Materials and Methods

Cell lines, cell culture

The human colon carcinoma cell line LS174T, the murine melanoma cell line B16-F1, and the human colonic epithelial cell line (CoTr) were purchased from ATCC (Bethesda, Maryland, USA); human primary melanoma cells (MOO1 and HOM1) and human dermal fibroblasts were a gift of Dr C. Mauch (Department of Dermatology, University of Cologne, Germany). LS174T, MOO1, and HOM1 cells were maintained in RPMI 1640 supplemented with 10% fetal calf serum (FCS), 2 mM l-glutamine, 100 μg/ml streptomycin, and 100 U/ml penicillin (all from Biochrom, Berlin, Germany). B16-F1, CoTr, and fibroblasts were maintained in DMEM supplemented with 10% FCS, 2 mM l-glutamine, 100 μg/ml streptomycin, and 100 U/ml penicillin (Biochrom). HUVECs, HDMECs, and human pericytes (hPC-PL) were purchased from Promocell (Heidelberg, Germany) and maintained in EC growth medium between passages 2–5. Quiescence was induced in confluent HUVECs and HDMECs by cultivation in basal EC medium depleted of growth factors (Promocell) for 36 h.

Ethics statement

All animal experiments were performed in accordance with the German animal protection law. Institutional Animal Care and Use Committee approval was obtained for all animal studies.

Animal tumor models

C57BL6/J and Balb/cA nude mice were purchased from Charles River (Sulzfeld, Germany). Human colorectal cancer cells LS174T (3 × 106) or murine melanoma cells B16-F1 (1 × 106) were injected subcutaneously into the flank region of 6- to 8-week-old BALB/cA nude mice or C57/Bl6, respectively. In the treatment group, embelin 8 mg/kg (Biotrend, Cologne, Germany) was freshly dissolved in vehicle (10% DMSO, 100 mM Tris–HCl, pH 7.4) and administered by intraperitoneal injection every 48 h. The control group received injections of vehicle only. For the matrigel plug assay, 400 μl of chilled matrigel (BD Bioscience, Heidelberg, Germany) was mixed with 3 × 106 LS174T or 1 × 106 B16-F1 tumor cells and embelin (at a final concentration of 20 μM) at 4°C for subcutaneous injection into recipient mice. Tumor size was measured every other day using precision calipers. Tumor volume was calculated as length × width2 × π/6 and expressed as average ± s.e.m. Animals were housed in the animal care facility of the University of Cologne under standard pathogen-free conditions with a 12-h light/dark schedule and provided with food and water ad libitum.

Mutator mouse experiments

Four hundred microliters of chilled matrigel (BD Bioscience) was injected into 12- or 30-week-old mutator mice (Trifunovic et al, 2004). After 11 days, mice were sacrificed and the matrigel was removed, fixed in 4% paraformaldehyde (PFA) for microscopic analysis or prepared for further downstream analyses.

Images of matrigel plugs

Images were taken using a motorized Leica M165 FC fluorescent stereomicroscope equipped with DFC490 CCD camera and GFP2 (Ex. 480/40 nm) filter set. Images were processed using the Multifocus module of LAS 3.7.0 software (Leica).
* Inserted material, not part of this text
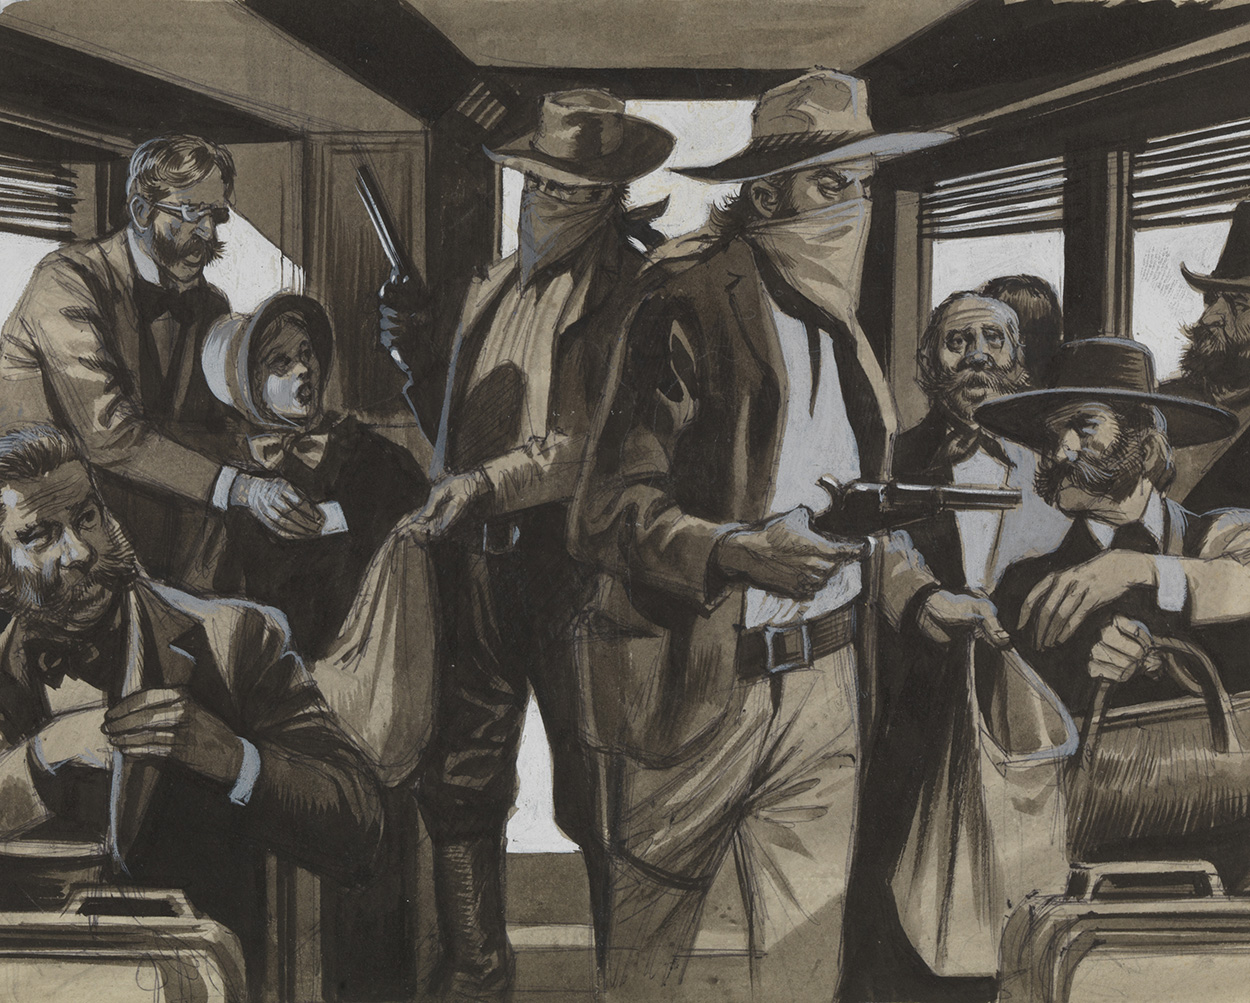 The Great Train Robbers (Original) art by American History (Ron Embleton) at The Illustration Art Gallery

Cutaneous wound healing assay

Four full-thickness paravertebral punch-biopsy wounds were induced on the shaved dorsum of 12-week-old C57BL6/J mice under Ketanest/Rompun anesthesia (Ketanest 100 mg/kg body weight, Park Davies, Karlsruhe; Rompun 2%, 1 ml/kg body weight; Bayer, Leverkusen, Germany). For each time point and condition, 2–3 animals were used. Beginning on day 1 after wounding, animals in the treatment group received intraperitoneal injections of embelin at 8 mg/kg or vehicle (10% DMSO, 100 mM Tris–HCl, pH 7.4) in the control group every 48 h over the treatment period. For histological analysis, animals were sacrificed and wound tissues were harvested on days 4, 7, or 10 after wounding. Wound tissue was excised and the wound area bisected in caudocranial direction and the tissue was either fixed overnight in 4% PFA in phosphate-buffered saline (PBS) or embedded in optimal-cutting-temperature O.C.T. compound (Tissue-Tek; Sakura Finetek, Staufen, Germany). Histological analysis was performed on serial sections (5-μm cryosections) from the central region of the wound.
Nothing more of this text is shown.